Die Klägerin trägt die Kosten des Revisionsverfahrens.

 

Tatbestand

I

Die 1970 geborene Klägerin, eine russische Staatsangehörige mit Wohnsitz in Perm, verfolgt auch im Revisionsverfahren das Ziel, ihr eine Urkunde über den Erwerb der deutschen Staatsangehörigkeit nach dem Gesetz zur Änderung des Reichs- und Staatsangehörigkeitsgesetzes vom 20. Dezember 1974 (BGBl I S. 3714) – RuStAÄndG 1974 – zu erteilen.

Nachdem der Bescheid vom 29. September 2003, der Widerspruchsbescheid vom 2. Februar 2004 und das Urteil des Verwaltungsgerichts vom 9. März 2005 zu Ungunsten der Klägerin noch darauf abgestellt hatten, dass die tatbestandlichen Voraussetzungen der im Jahre 1943 erlassenen Volkslistenverordnung Ukraine (vgl. hierzu im Einzelnen BVerwG, Urteil vom 27. Juli 2006 – BVerwG 5 C 3.05 –) nicht vorgelegen hätten und demzufolge ein klägerischer Erwerb der deutschen Staatsangehörigkeit über die Großeltern (mütterlicherseits) und die 1949 geborene Mutter der Klägerin nicht erfolgt sei, wobei das Urteil des Verwaltungsgerichts im Schwerpunkt den Beleg einer (tatsächlichen) Aufnahme des Großvaters in die Volksliste vermisst, hat das Oberverwaltungsgericht in seinem Beschluss vom 18. Oktober 2005 entscheidungstragend darauf abgestellt, dass die Klägerin – erstens – bis zum 31. Dezember 1977 eine Erklärung nicht abgegeben habe, welche die Voraussetzungen i.S.v. Art. 3 Abs. 6 i.V.m. Art. 6 RuStAÄndG 1974 erfüllt habe, und – zweitens – die sog. “Nacherklärungsfrist”, d.h. die Frist von sechs Monaten nach Fortfall des Hindernisses (Art. 3 Abs. 7 Satz 1 RuStAÄndG 1974), zu Beginn des Jahres 2002, dem Zeitpunkt der erstmaligen Erklärung, deutsche Staatsangehörige werden zu wollen, bereits abgelaufen gewesen sei.

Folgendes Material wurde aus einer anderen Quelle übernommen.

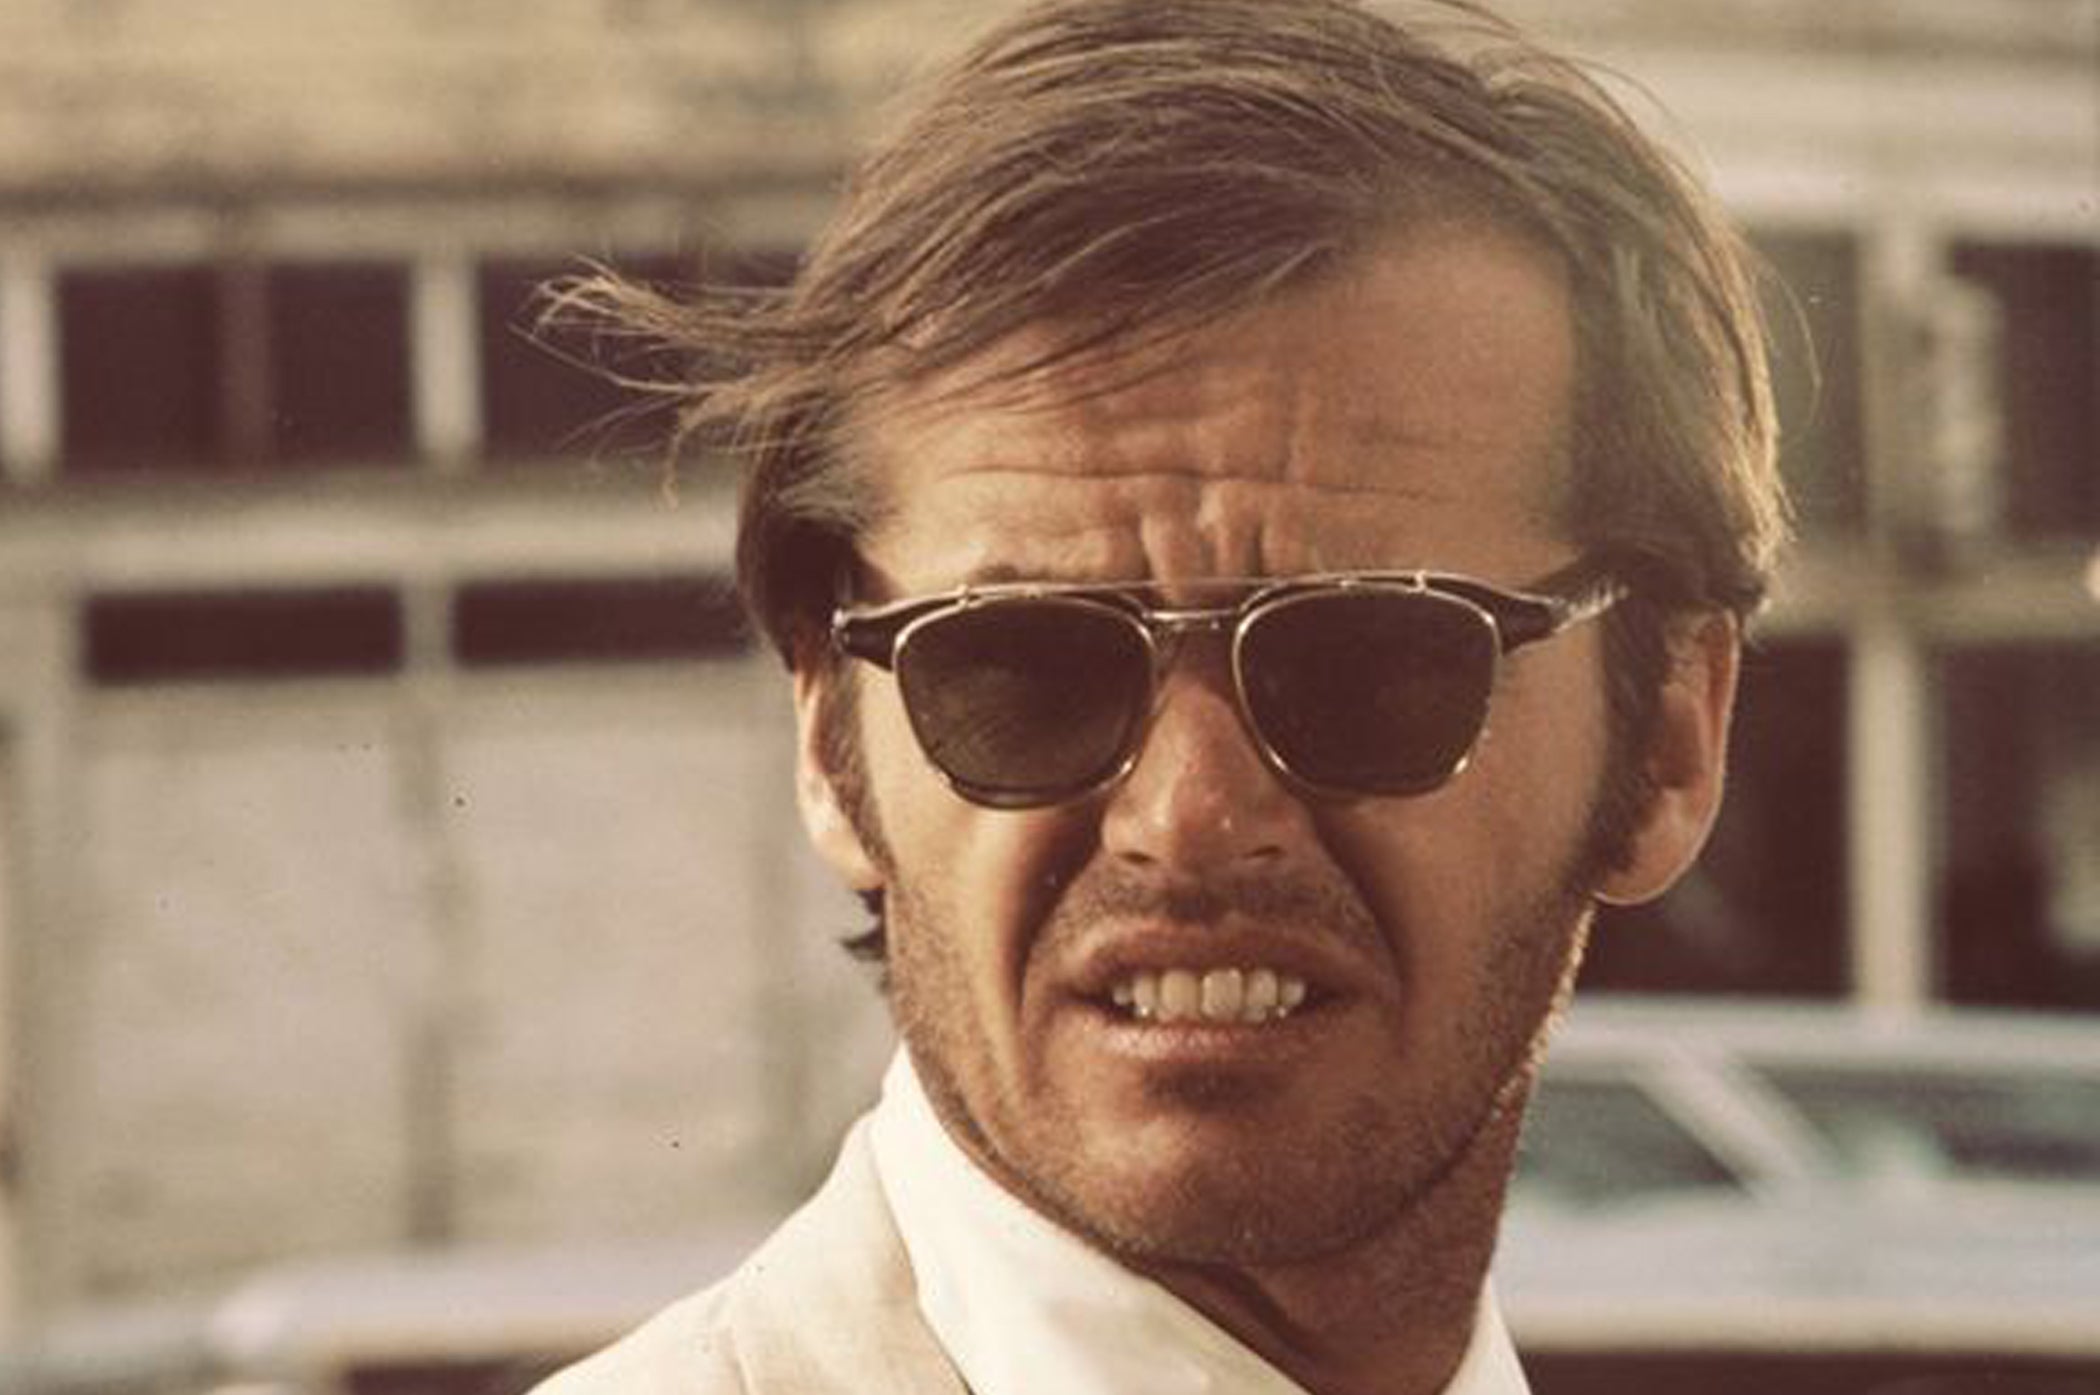 Sunglass Jack Jack Nicholson
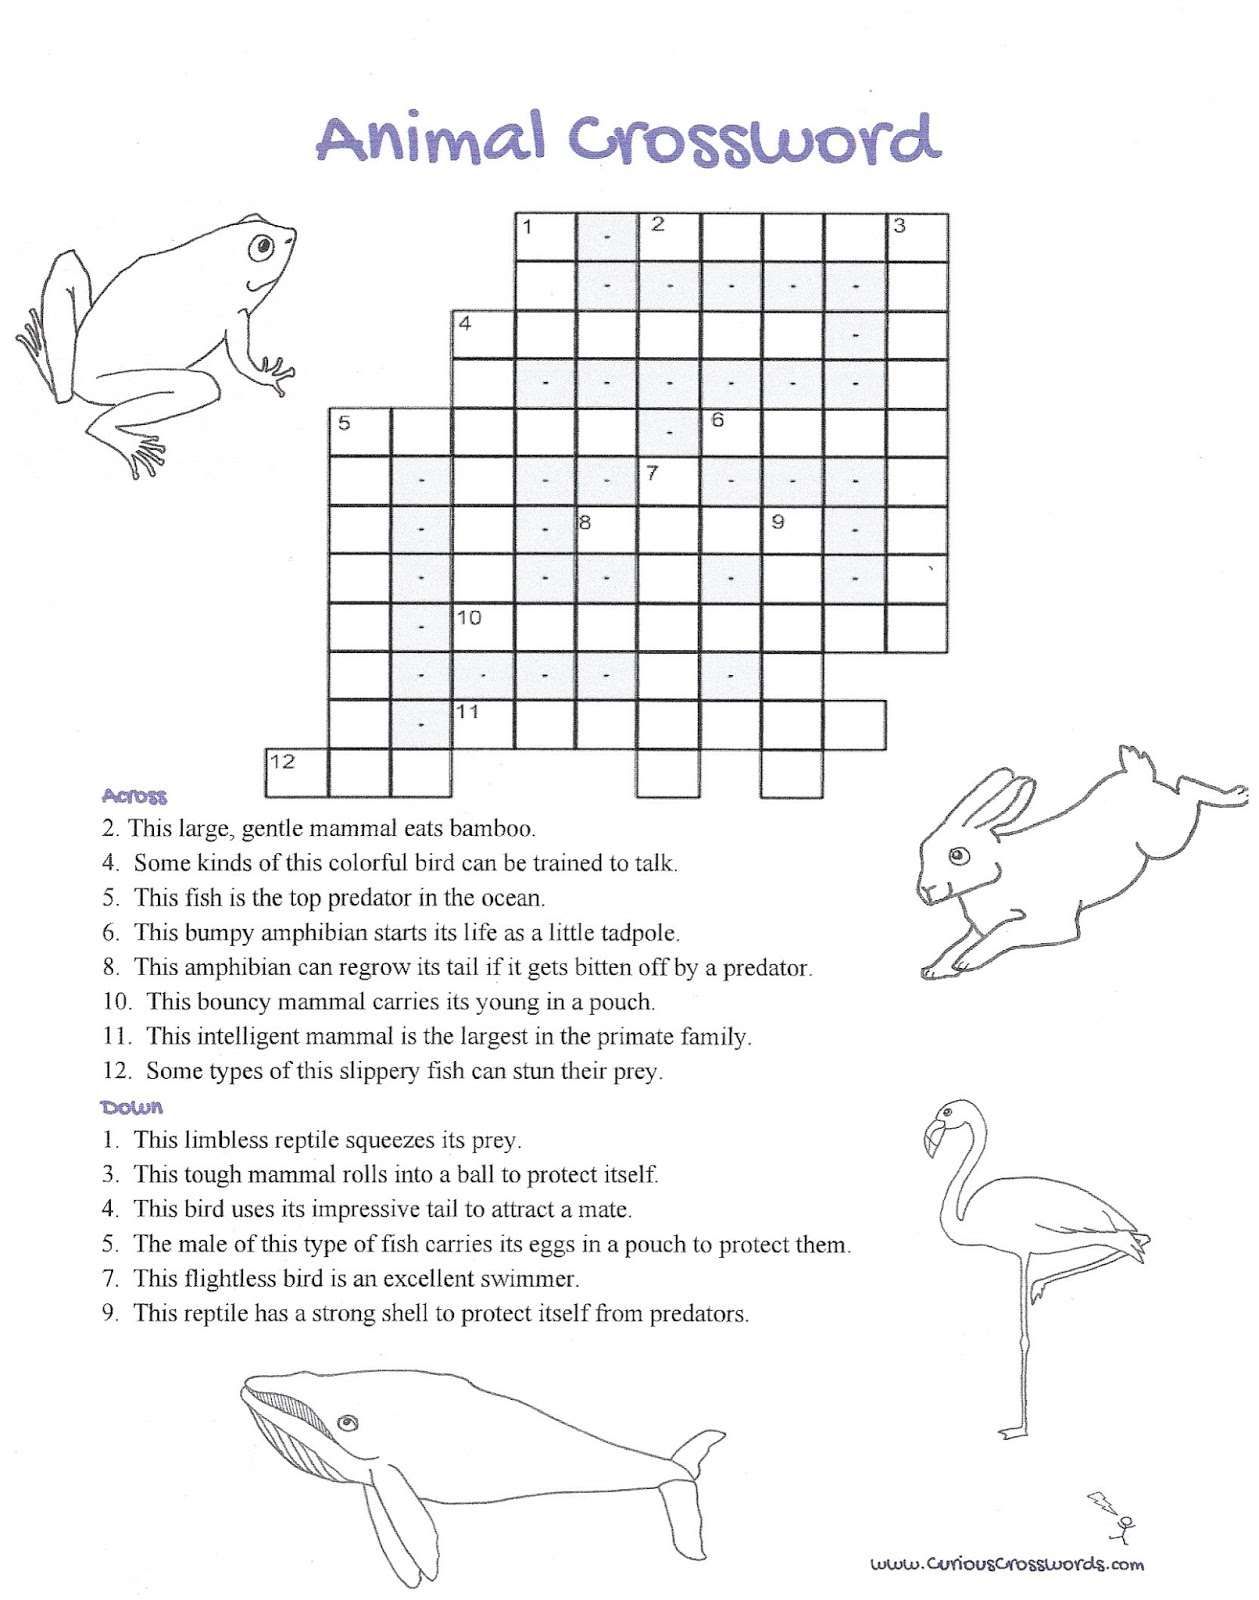 Curious Crosswords: Animal Crossword - Printable Crossword Animal

Die Großeltern der Klägerin mütterlicherseits seien ursprünglich in der Ukraine siedelnde deutsche Volkszugehörige mit deutschen Geburtsnamen gewesen, und dementsprechend habe auch die 1949 geborene Mutter der Klägerin einen deutschen Geburtsnamen getragen; der 1913 in der Ukraine geborene und 1978 verstorbene Großvater der Klägerin sei 1941 als Person deutscher Nationalität aus der Ukraine in das Gebiet Perm deportiert worden. Der Mutter der Klägerin seien im Jahre 1991 ein Aufnahmebescheid erteilt, im Jahre 1992 (zugleich dem Jahr ihrer Einreise in die Bundesrepublik Deutschland) ein Vertriebenenausweis und im Jahre 2002 ein deutscher Staatsangehörigkeitsausweis ausgestellt worden.

Jedenfalls ab dem Zeitpunkt ihrer Volljährigkeit habe deshalb für die 1970 geborene Klägerin Anlass und Gelegenheit bestanden, sich Kenntnis über Möglichkeiten des Erwerbs der deutschen Staatsangehörigkeit zu verschaffen, weil sie aus einer “gemischt-nationalen” Familie stamme und ihr – nach eigenen sowie der Mutter Angaben – bewusst gewesen sei, Deutsche zu sein bzw. sich als solche zu fühlen, und sie sich dementsprechend auch nach Eintritt ihrer Volljährigkeit bemüht habe, dass von russischen Behörden im Pass eine deutsche Nationalität eingetragen werde.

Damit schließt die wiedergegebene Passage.